4

Looking for some hash function to make string to int mapping with following restrictions.

restrictions: Same strings go to same number. Different strings go to different numbers. During one run of application I am getting strings from same length, only in the runtime I know the length.

Any suggestions how to create the hash function ?

Night Walker
  • 20,638
  • 52
  • 151
  • 228

4 Answers4

4

A hash function does never guarantee that two different values (strings in your case) yield different hash codes. However, same values will always yield the same hash codes.

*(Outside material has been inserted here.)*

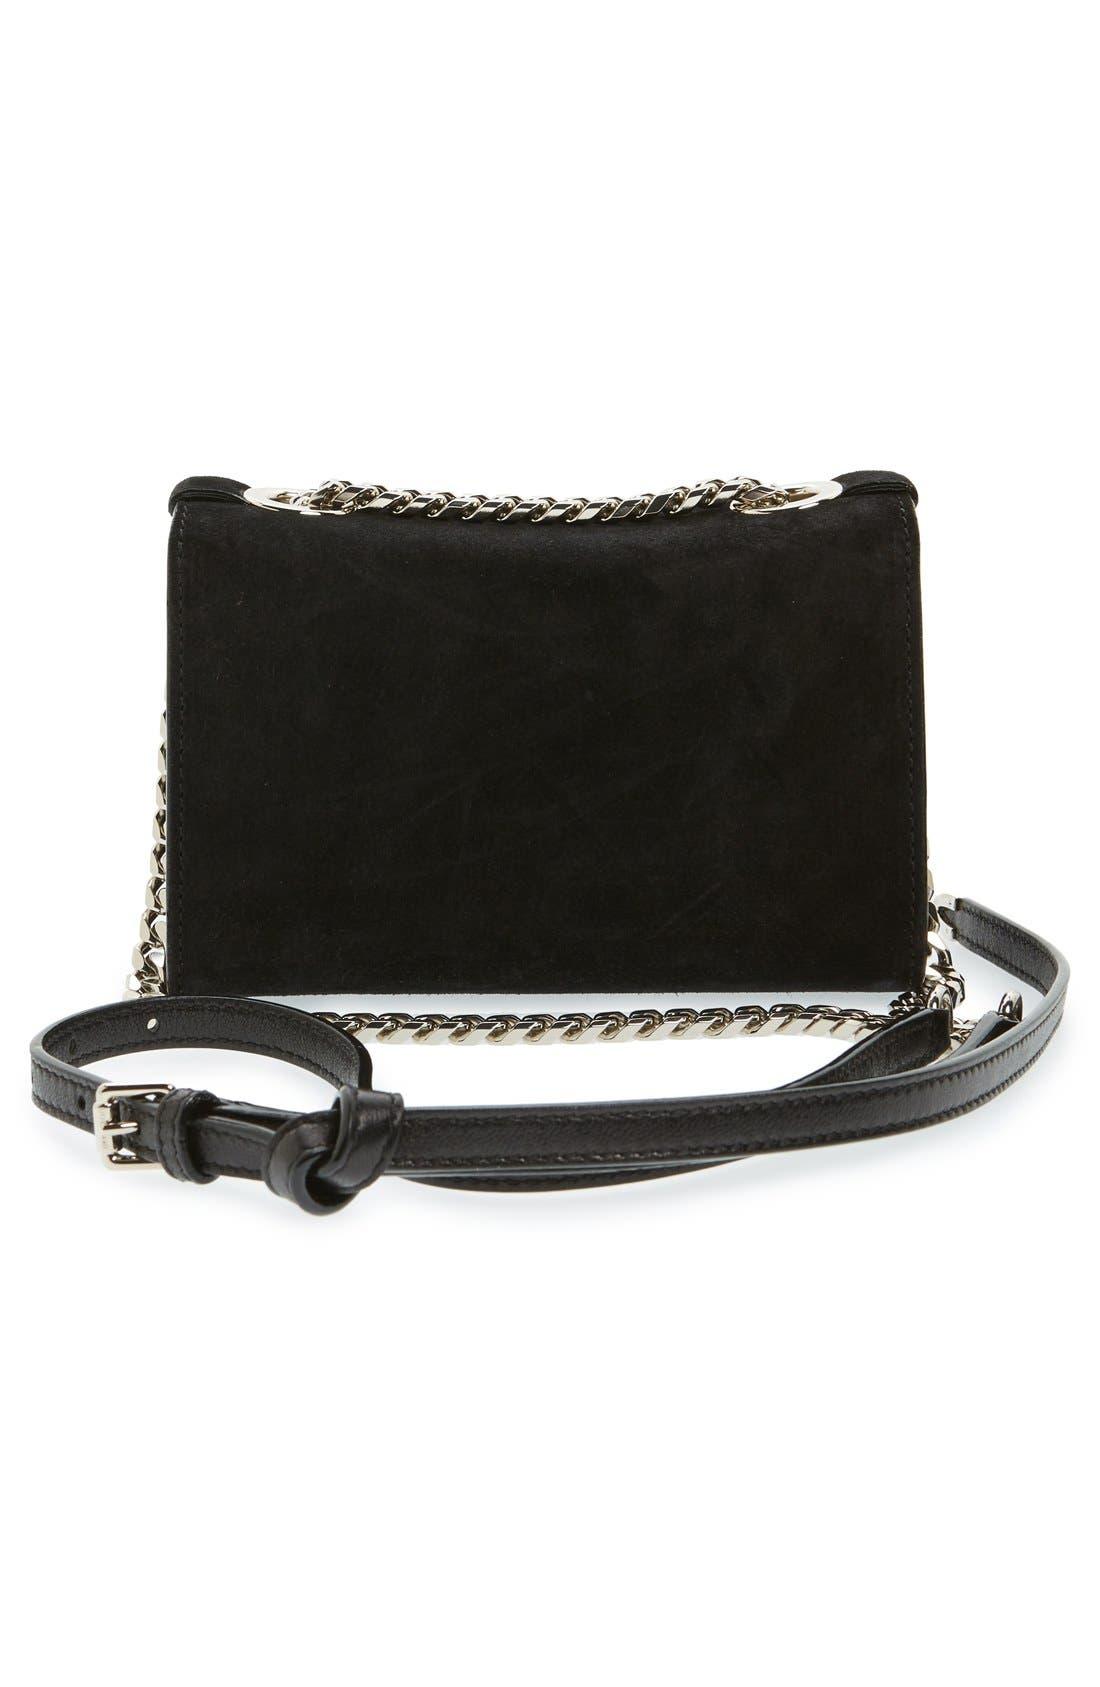 'Rebel Mini' Suede Crossbody Bag,                             Alternate thumbnail 3, color,                             Black

This is because information gets lost. If you have a string of a length of 32 characters, it will have 64 bytes (2 bytes per char). An int hash code has four bytes. This is inevitable and is called a collision.

Note: Dictionary<Tkey,TValue> uses a hash table internally. Therfore it implements a collision resolution strategy. See An Extensive Examination of Data Structures Using C# 2.0 on MSDN.

Here is the current implementation of dictionary.cs.

Olivier Jacot-Descombes
  • 104,806
  • 13
  • 138
  • 188
3

You aren't going to find a hash algorithm that guarantees that the same integer won't be returned for different strings. By definition, hash algorithms have collisions. There are far more possible strings in the world than there are possible 32-bit integers.

Robert Levy
  • 28,747
  • 6
  • 62
  • 94
3

Different strings go to different numbers.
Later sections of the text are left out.